Под бешеный пумц-думц, веселый рок-н-ролл, тяжелый металл леплеры танцевали одинаково. Лениво и медленно приподнимали расслабленные руки, ни в коем случае не выше чем на две ладони, и опускали. Лениво и медленно покачивали головами, и очень редко покачивали туловищами. И ни разу, ни разу, не сдвинулись с места. Самым интересным движением мне показались неспешные выпячивания бедер. Бедро начинало свой долгий и тяжелый путь в одну сторону. Замирало так, словно его владелец планировал продемонстрировать нам свое искренне неуважение. В это время леплеры начинали крутить руками у висков — с чувством, с толком, с расстановкой. Словно оценивали интеллект тех, кто смотрит на их танец.
Ближе к центру «выкаблучивались» самые смелые. Свято убежденные, что их танец не грех показать общественности. Даже если сама общественность предпочла бы его не видеть.
Несколько «эльфов-терминаторов» извивались на полу, изображая нечто среднее между нижним брейком, танцем живота и движениями кобры на охоте. Временами их руки и ноги сталкивались, переплетались, цепляясь друг за друга, и на полу образовывался клубок тел. Позам «терминаторов» позавидовали бы даже йоги.
Живая скульптура напоминала очень сложную модель атома, где руки и ноги исполняли роли химических связей, а головы — молекул. Части тела бодро дергались в такт в тщетном усилии «развязаться». Но вместо этого живая скульптура подпрыгивала на полу, как мячик.
Добросердечные соседи помогали не сразу, только вдоволь похихикав.
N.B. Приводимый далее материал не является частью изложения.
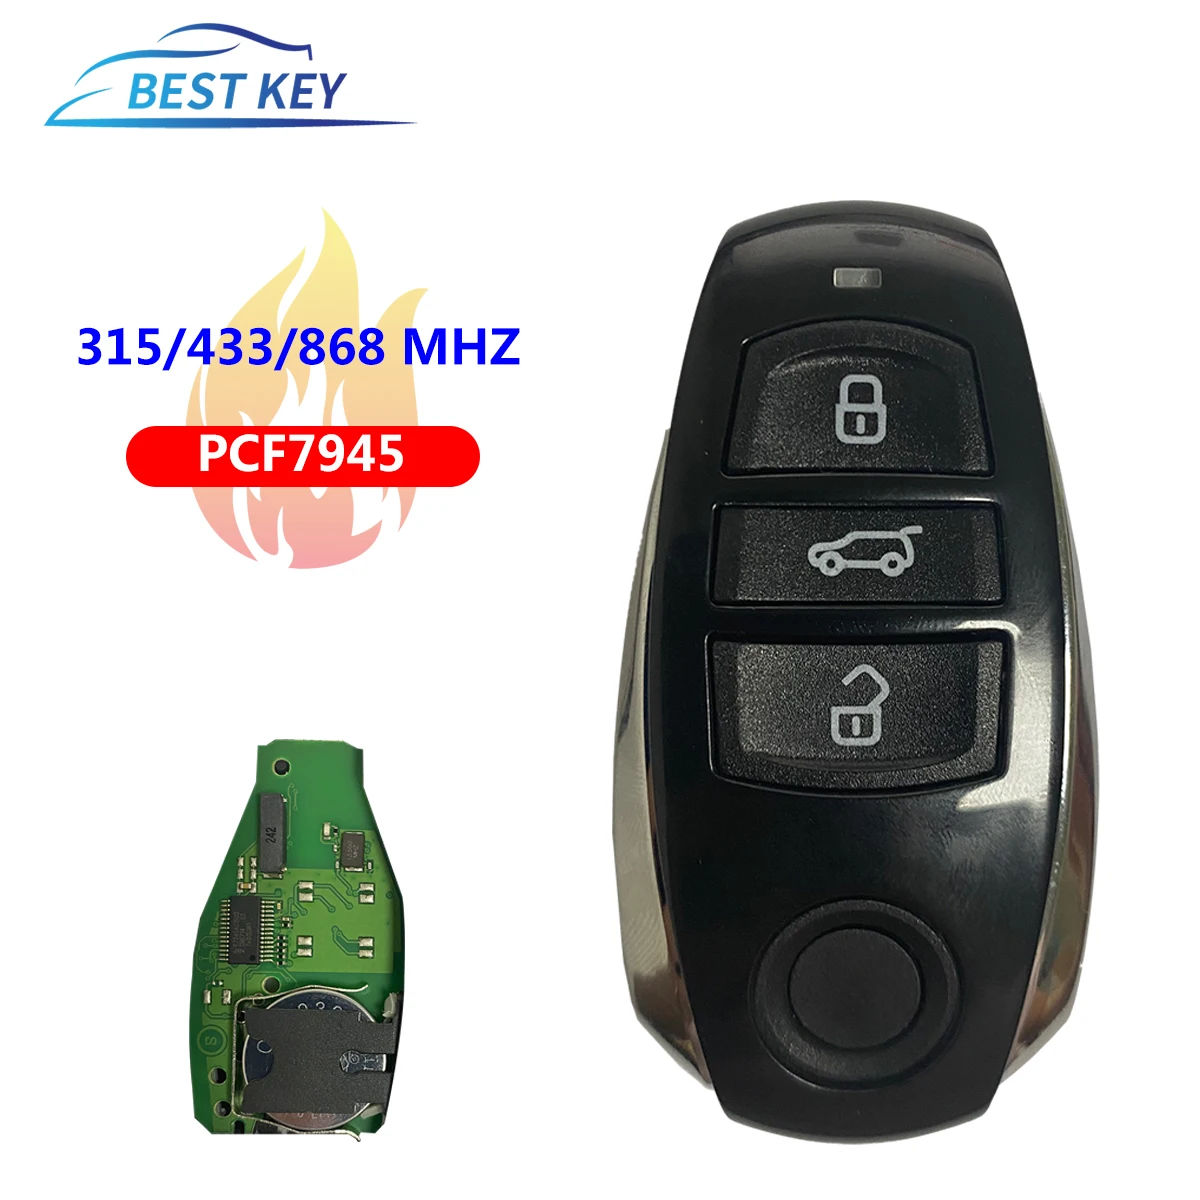 BEST KEY Car Remote Control Key For VW Touareg 2010-2014 PCF7945AC 315/433/868MhzReplace Card Non-Keyless   Auto Smart Control

Невдалеке от «модели атома» танцевало несколько десятков «иванушек интернейшенал». Огромная группа выстроилась спиралью. Медленно, трясясь, как в ознобе, они описывали над неподвижными ногами широкие круги торсом. Полузакрытые глаза и отсутствующие выражения на лицах не сулили ничего хорошего. Я грешным делом начала побаиваться, что в центре спирали с душераздирающим скрипом откроется дверь в потусторонний мир. Улыбчивые зомби, хохотушки-привидения и задумчивые Франкенштейны вылезут оттуда и присоединятся к вечеринке. Складывалось ощущение, что посреди всеобщей вакханалии их не сразу и заметили бы.
Чуть ближе к стене вытанцовывали несколько «медиков». Я затруднилась определить стиль, хотя отучилась в балетной школе без малого четыре года.
Они дружно приседали до пола и вращали обеими руками так, словно крутили то ли колеса, то ли рычаги.
Несколько студентов разных рас сидели у стены, кажется в состоянии полного и безграничного катарсиса, как выражался Мастгури. Они почти не двигались, лишь изредка руками в такт музыке и мычали.
Рядом выстроилась батарея прозрачных бутылочек с жидкостью болотного цвета. Я сделала себе зарубку, что к «болотной воде» лучше не прикасаться.
В отличие от студентов, преподы больше трех не собирались.
Зато высились над толпой как карандаши над огрызками таких же карандашей. Вроде бы похожи, но гора-аздо длиннее.
Почти в самом центре зала сгрудились пары.
Одни прижимались и терлись друг о друга так, что, казалось, я снова на сеансе жесткого порно. Вторые танцевали, чуть касаясь партнера вытянутыми руками и едва заметно шевелясь в такт.
Третьи прислонились друг к другу так, словно не прислонись они хотя бы к чему-то, рухнули бы навзничь. Уютно устроив головы на плече партнера и закрыв глаза, они мерно покачивались, как на волнах.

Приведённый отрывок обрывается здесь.